All research design involves theory, whether implicit or explicit.

  • Why do the research? We have implicit theories and values which guide the questions we ask. Our questions are value laden: For example, social scientists studied marijuana use in the 1950s as a form of “deviance”, the questions focused on “why are people making such bad decisions?” or “how can policy makers prevent marijuana use?” (see Becker (1998)).

  • Why do the research? We might want to change how scientists explain the world and/or change the policy decisions in (a) one place and time and/or (b) in other places and times.

  • Research focused on learning the causal effect of \(X\) on \(Y\) requires a model of the world: how might intervention \(X\) might have an effect on some outcome \(Y\), and why, and how large might be the effect. It helps us think about how a different intervention or targeting different recipients might lead to different results.

  • Our theories and models are important not just for generating hypotheses, but for informing design and strategies for inference.
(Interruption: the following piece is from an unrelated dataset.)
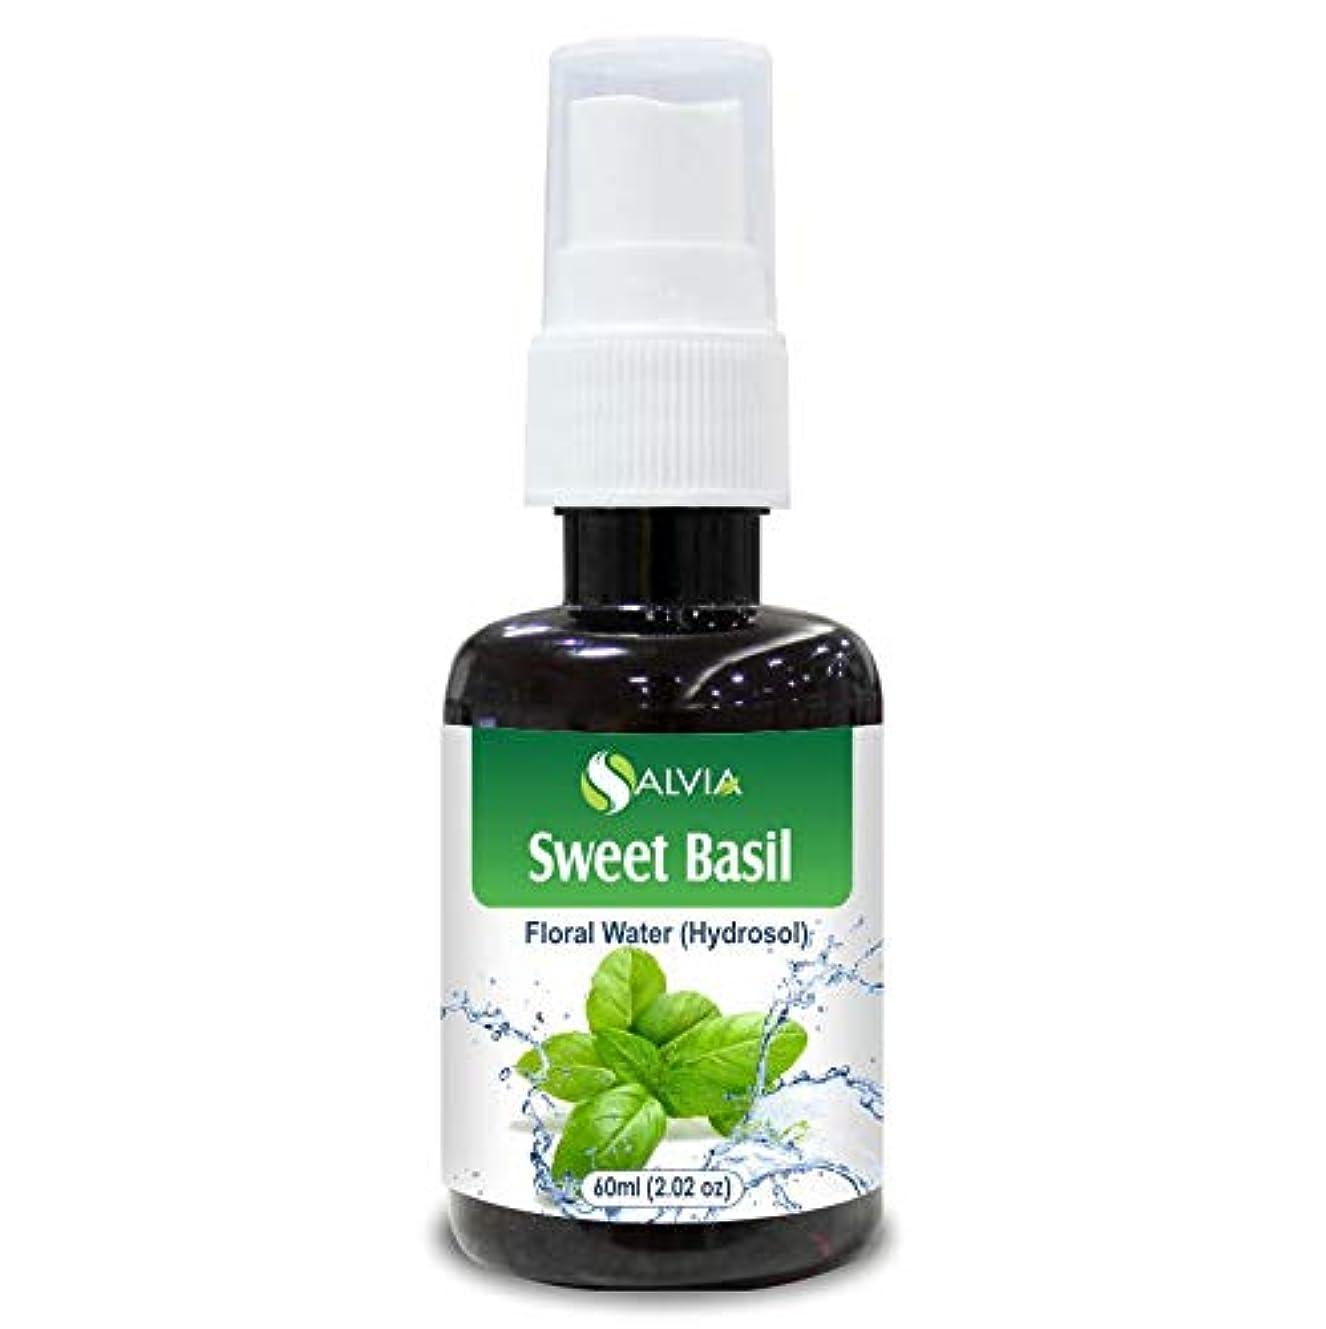 桃クラフト回路Sweet Basil Floral Water 60ml (Hydrosol) 100% Pure And Natural

  • Designing research will often clarify where we are less certain about our theories. Our theories will point to problems with our design. And questions arising from the process of design may indicate a need for more work on explanation and mechanism.

Designing or selecting your treatment

  • From this point forward, we will use \(T\) for treatment or what we want to learn the effect of. We will use \(X\) to refer to background variables.

  • Your treatment (\(T\)) and control (not \(T\)) need to clearly connect to your research question. (See the module on Measurement.)

  • The treatment you’re interested in might be a bundle of multiple components. If your research question is about one specific component, then the control should be different from the treatment in just that component. Everything else should be the same.

An example

A campaign where someone visits a home to talk with a family for 15 minutes to share health information.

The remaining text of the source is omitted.